10. Be that as it may, on balance I am persuaded that the Judge has proceeded on a factual misconception as to the circumstance of an adjournment application having been made, and also without regard to the supporting evidence submitted with that application. That is not to say that the Judge would inevitably have been bound to reconsider the adjournment application, or if he had done so would have been bound to grant an adjournment. In this latter regard it may well be that the fact that the medical evidence does not expressly support the notion that the First Appellant was unfit to attend court is such that the basis of the application was not made out. However, on balance I am just persuaded that the most appropriate course of action here is to determine that the First-tier Tribunal Judge did indeed err in law in proceeding on a misconception of fact, and that such an error was material in that it related to the First Appellant's opportunity of putting her case to the First-tier Tribunal. The decision of the First-tier Tribunal is set aside accordingly, and the decisions in the appeals now require to be re-made.
11. Directions have been issued by this Tribunal in the standard form alerting the Appellants to the need to prepare for this hearing on the basis that if the Upper Tribunal decides to set aside the decision of the First-tier Tribunal any further evidence, including supplementary oral evidence that the Upper Tribunal may need to consider if it decides to re-make the decision, should be available before the Tribunal today. I have already indicated that no supporting documents were filed before the First-tier Tribunal. It is the case that as of today no supporting documents have been filed before the Upper Tribunal either. Nor have the Appellants attended today: in this context I am satisfied that due notice of the hearing has been given and that the Appellants have had the opportunity both of attending and of sending to the Tribunal any statements or documents upon which they might wish to rely. I am satisfied that it appropriate to proceed with their linked appeals in their absence.
12. The Appellants have failed to advance their case by reference to any evidence whatsoever.
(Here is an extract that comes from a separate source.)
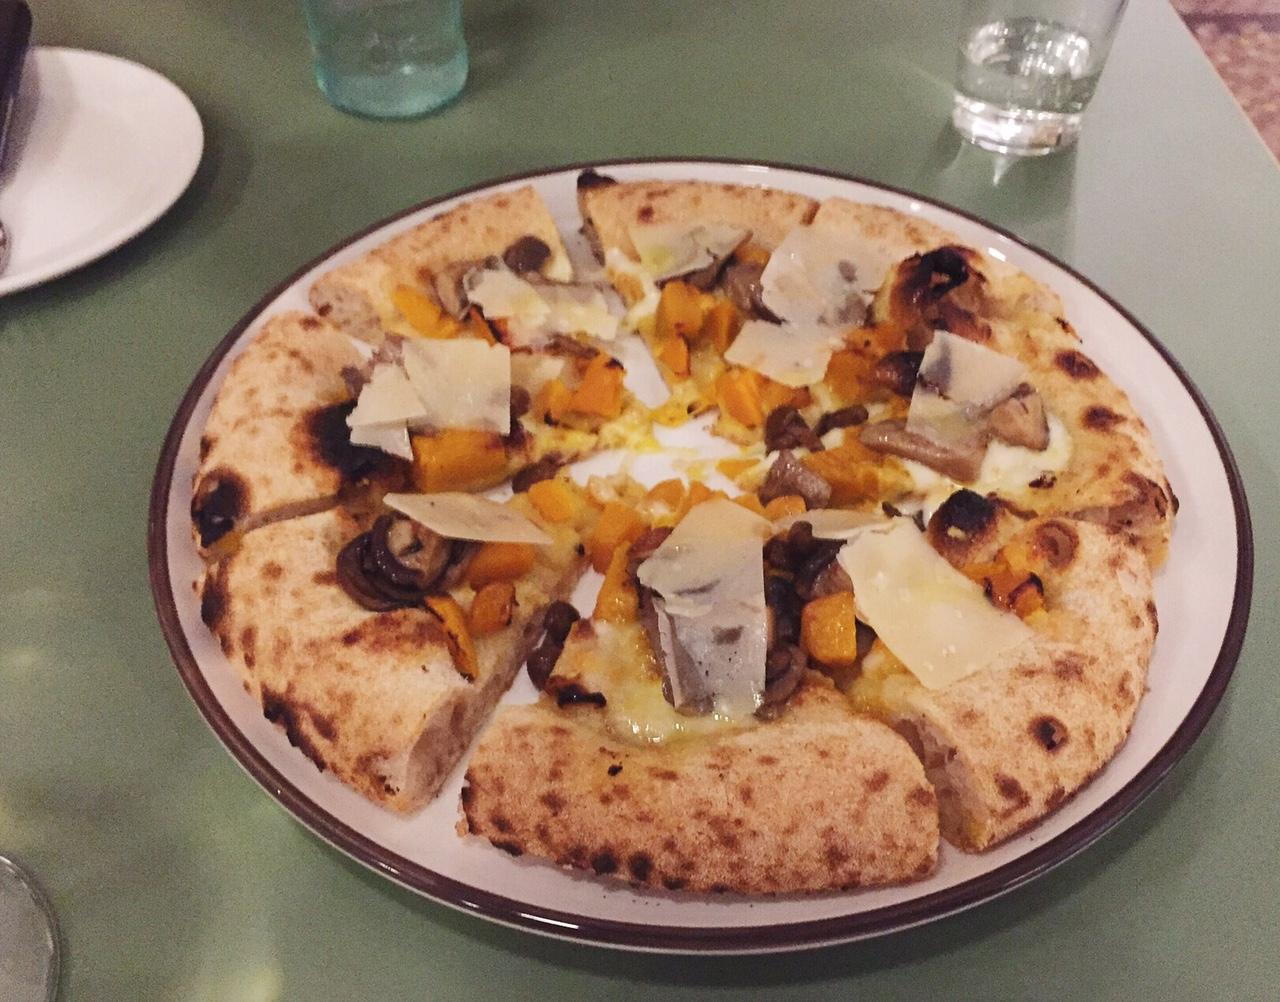 Berbere pizzeria in Milan pumpkin, mushrooms, and parmesan

In those circumstances, although I have set aside the decision of Judge Anstis, the Appellants now having had a clear and unambiguous opportunity to present their case to the Tribunal - that is they have had a fair hearing - I have little hesitation in concluding in the same terms outlined by First-tier Tribunal Judge Anstis at his paragraphs 7 and 8 (which I have quoted above). The appeals under the Immigration Rules fail for the reasons given by Judge Anstis, and the appeals under Article 8 fail for the reasons given by Judge Anstis: such reasons are now to be read as having been incorporated into my own independent reasons.
Notice of Decision
13. The decisions of the First-tier Tribunal contained a material error of law and is set aside.
14. I remake the decisions in the appeals.
15. Appeal IA/08334/2015 is dismissed on all grounds.
16. Appeal IA/08337/2015 is dismissed on all grounds.
17. No anonymity directions are sought or made.
The above represents a corrected transcript of an ex tempore decision given at the conclusion of the hearing.


Signed: Date: 4 February 2016

Deputy Upper Tribunal Judge I A Lewis






TO THE RESPONDENT
FEE AWARD
I have dismissed the appeals and therefore there can be no fee award.